RichB (March 13, 2007 at 4:13 pm)
Some of the implementations in your post are incorrect. The HTML spec defines the class name as being whitespace delimited. Some of your example functions assume space delimited. This will fail when the classnames are delimited by tabs. Also, is there a reason for writing your treewalker loop as you did and not using walker.currentNode? Is it faster?
Andrew Dupont (March 28, 2007 at 1:16 pm)
John, I’ll make sure that future versions of Prototype define document.getElementsByClassName only if it does not already exist. (And I suppose we’ll have to move our node instance method from “Element.Methods” to “Element.Methods.Simulated” (the latter copies methods over only if they don’t exist already). Thanks for bringing this up.
Anthony Ettinger (May 7, 2007 at 6:56 pm)
@John Resig Regarding the tag = ‘*’; but I found it in IE 5.5…probably not all that important these days.
But I defaulted to document.all:
if (!tag) tag = ‘*’;
var allElems = node.getElementsByTagName(tag) || document.all; //IE5.5 ‘*’ fix
Garrett (September 9, 2007 at 5:03 pm)
John,
Great to see this is going in to Firefox.
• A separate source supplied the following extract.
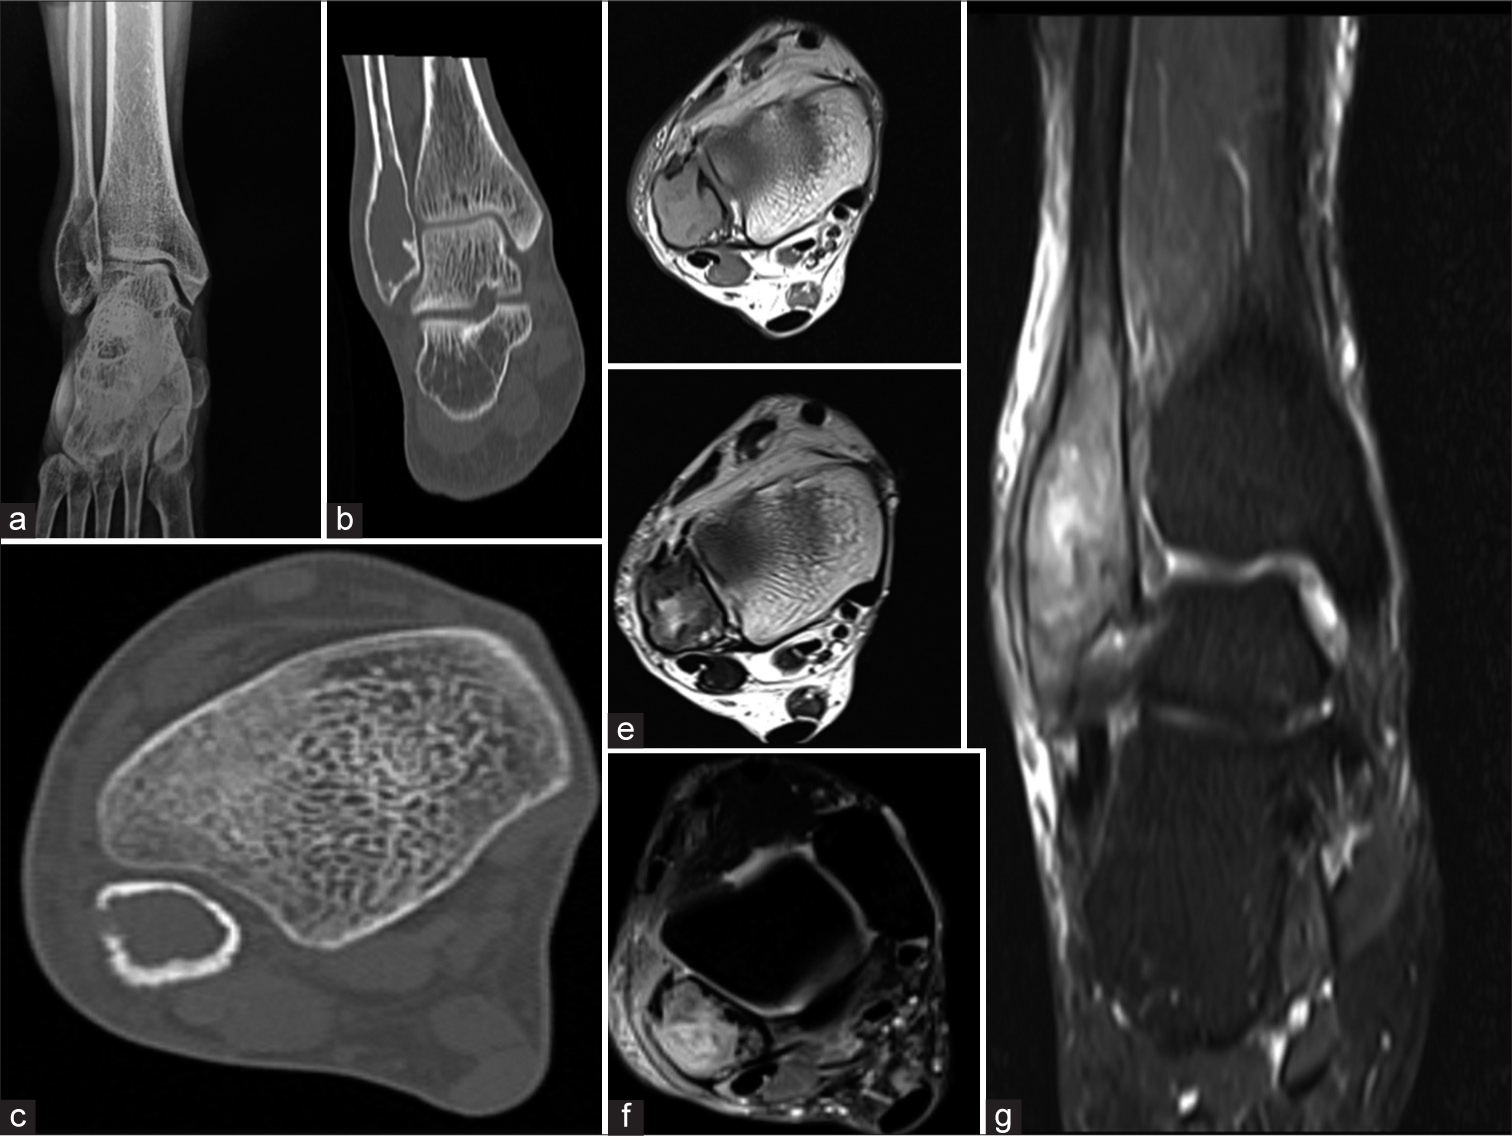 (a) Anterior-posterior radiograph, (b) Coronal computed tomography [CT] bone window, (c) Axial CT bone window. Lytic expansile lesion of the lateral malleolus with focal cortical break in the lateral aspect. No matrix calcification. No convincing periosteal reaction (d) Axial T1-weighted image, (e) Axial T2-weighted image, (f) Axial proton density fat-saturated sequence (PDFS), (g) Coronal short-tau inversion recovery [STIR]). The expansile solid lesion in the right distal fibula with some areas of focal cortical destruction extending upto the articular surface. The lesion displays an intermediate signal on T1/T2 and a hyperintense signal on STIR and PDFS. Edematous changes are seen in the perilesional soft tissues.

A few comments on the code and test:
When you add a function to a COM object, you expose a memory leak problem with IE.
You really should not do this. Calling delete won’t work in IE either. You can’t call delete on an expando (in JScript). (This bad approach/idea has existed prototype for a while now.)
onunload = function() {
delete document.getElementsByClass;
};
You could set it to null.
Why not instead write a
getElementsByClass
function that checks for native support (document.getElementsByClassName
)? If supported, use that. Otherwise, use a hand-rolled one.Also, I’d like to point out, you quoted:
“A pure DOM implementation, caches the regexp, and is generally quite simple and easy to use.”
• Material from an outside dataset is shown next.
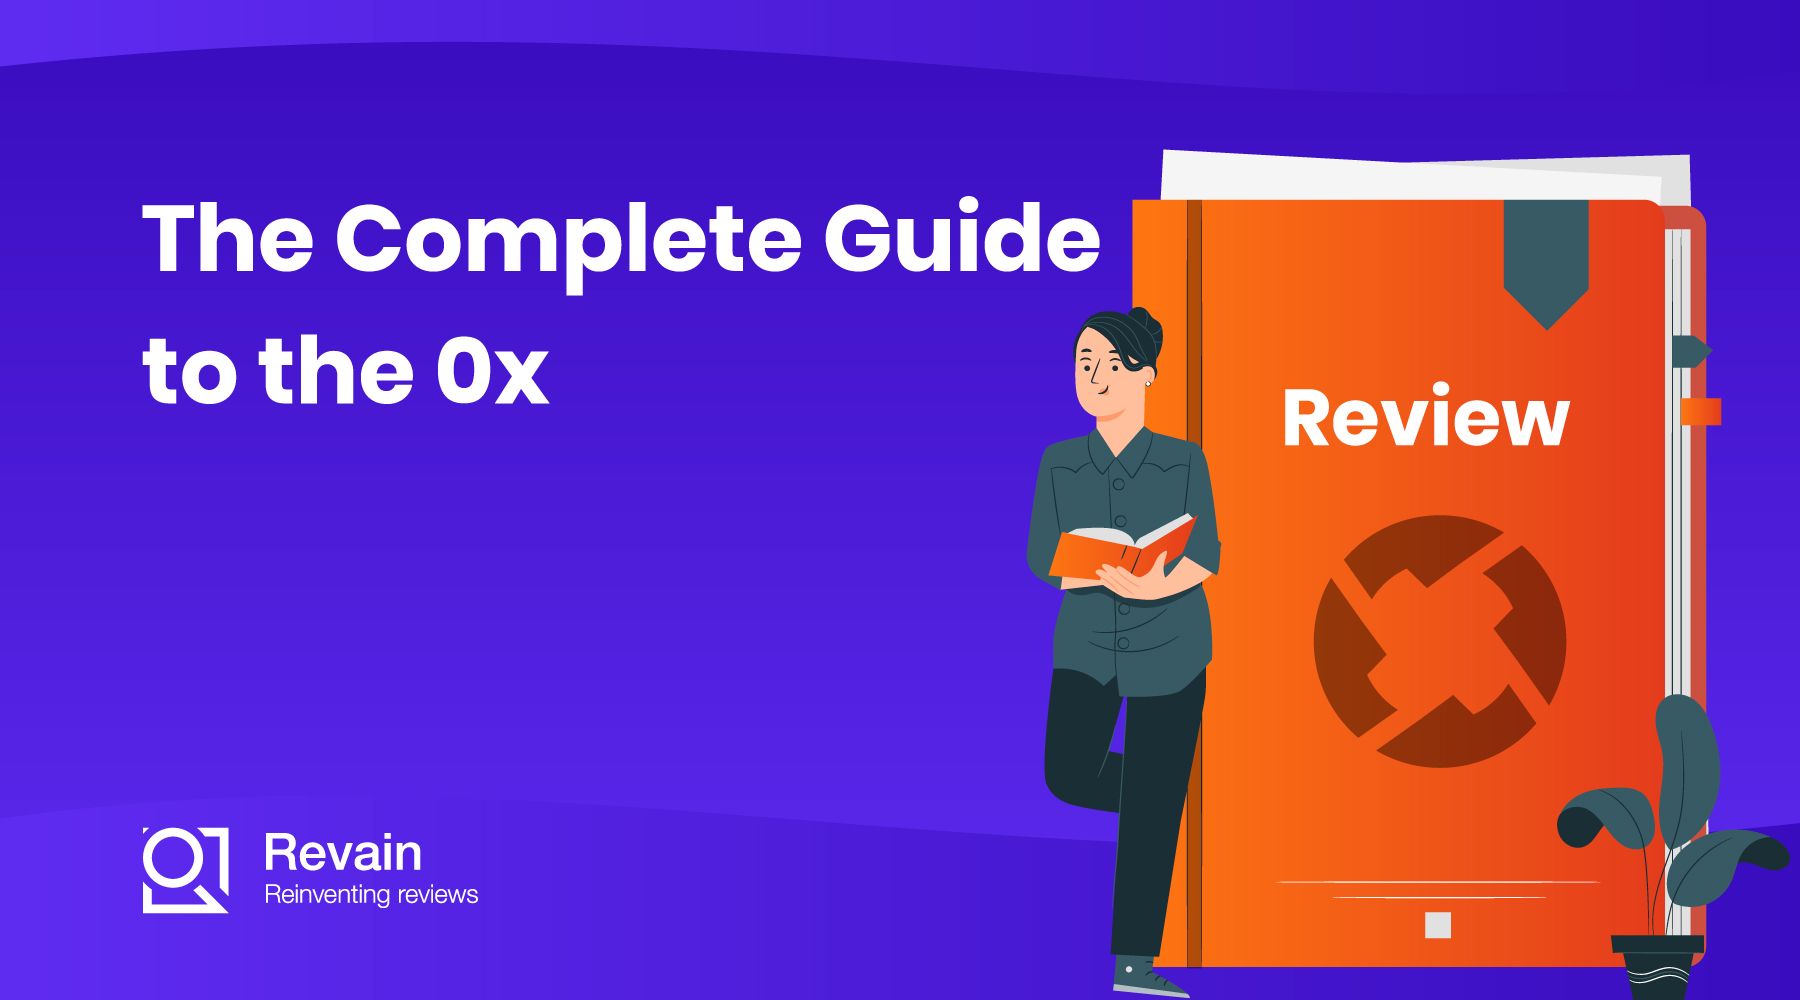 The Complete Guide to the 0x

Implementations may cache RegExp objects, but are not required to do so. There is nothing in ECMA= 262 that indicates the contrary. The RegExp instance might be cached in some Hosts, however, claiming that this will occur is not true.
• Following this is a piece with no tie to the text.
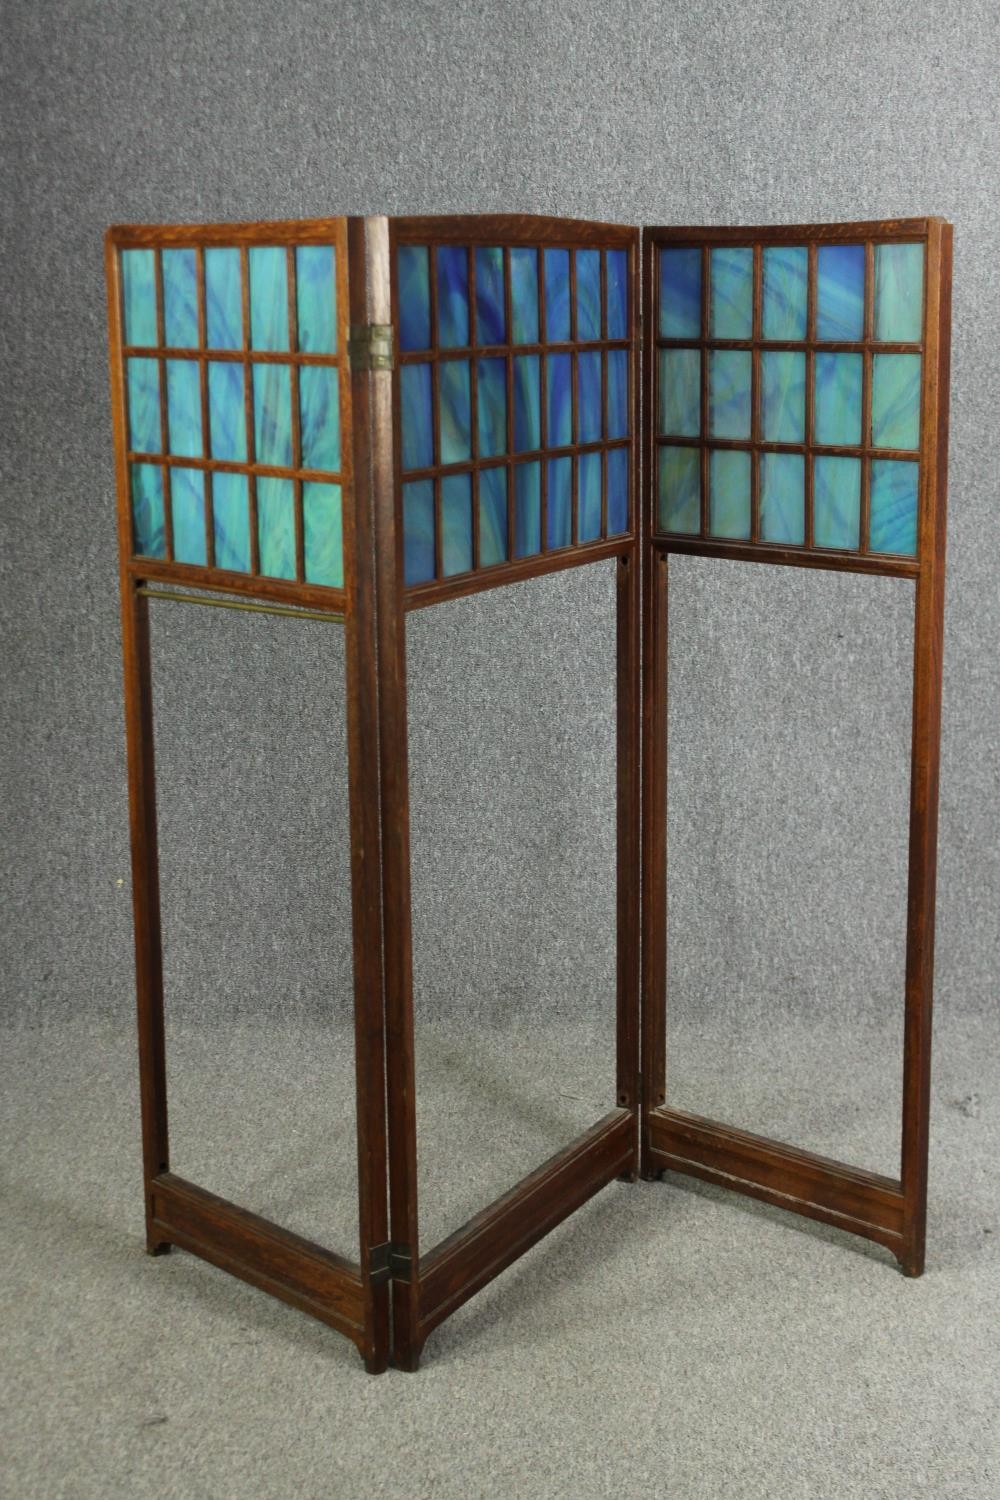 An oak and glass panelled Arts and Crafts folding room divider, early 20th century. H.141 W.160cm. - Image 2 of 4

After the function is executed, the
RegExp
is available for garbage collection.For this reason, I created (back in 2001) a way to cache tokenized expressions. (I am in no way trying to discredit Dustin’s own method, which uses the same regexp). It’s still it on my site, which
I’ll admit is quite old, and I won’t link to it here. Seek and ye shall find.
Now if you meant: the
RegExp
is created before thefor
loop, well, that is needless to say; the code is right there. Creating the regexp inside the loops body would be quite obviously inefficient.I also want to mention that the HTML 5
getElementsByClassName
is limited.Method
getElementsByClassName
works on Document level, not node level. You can’tgetElementsByClassName
on a fragment in Abstract view and you can’t call it on any old node, which mostgetElementsByClass
functions allow.Garrett (September 9, 2007 at 8:53 pm)
The IE Memory Leaks:
http://msdn.microsoft.com/library/default.asp?url=/library/en-us/IETechCol/dnwebgen/ie_leak_patterns.asp
adv88 (September 20, 2007 at 4:24 am)
Thank you for your reliable post, that’s what i was searching for.
tonya harding (October 4, 2007 at 6:11 am)
Thanks for the great tips!
A must read for all the users out there!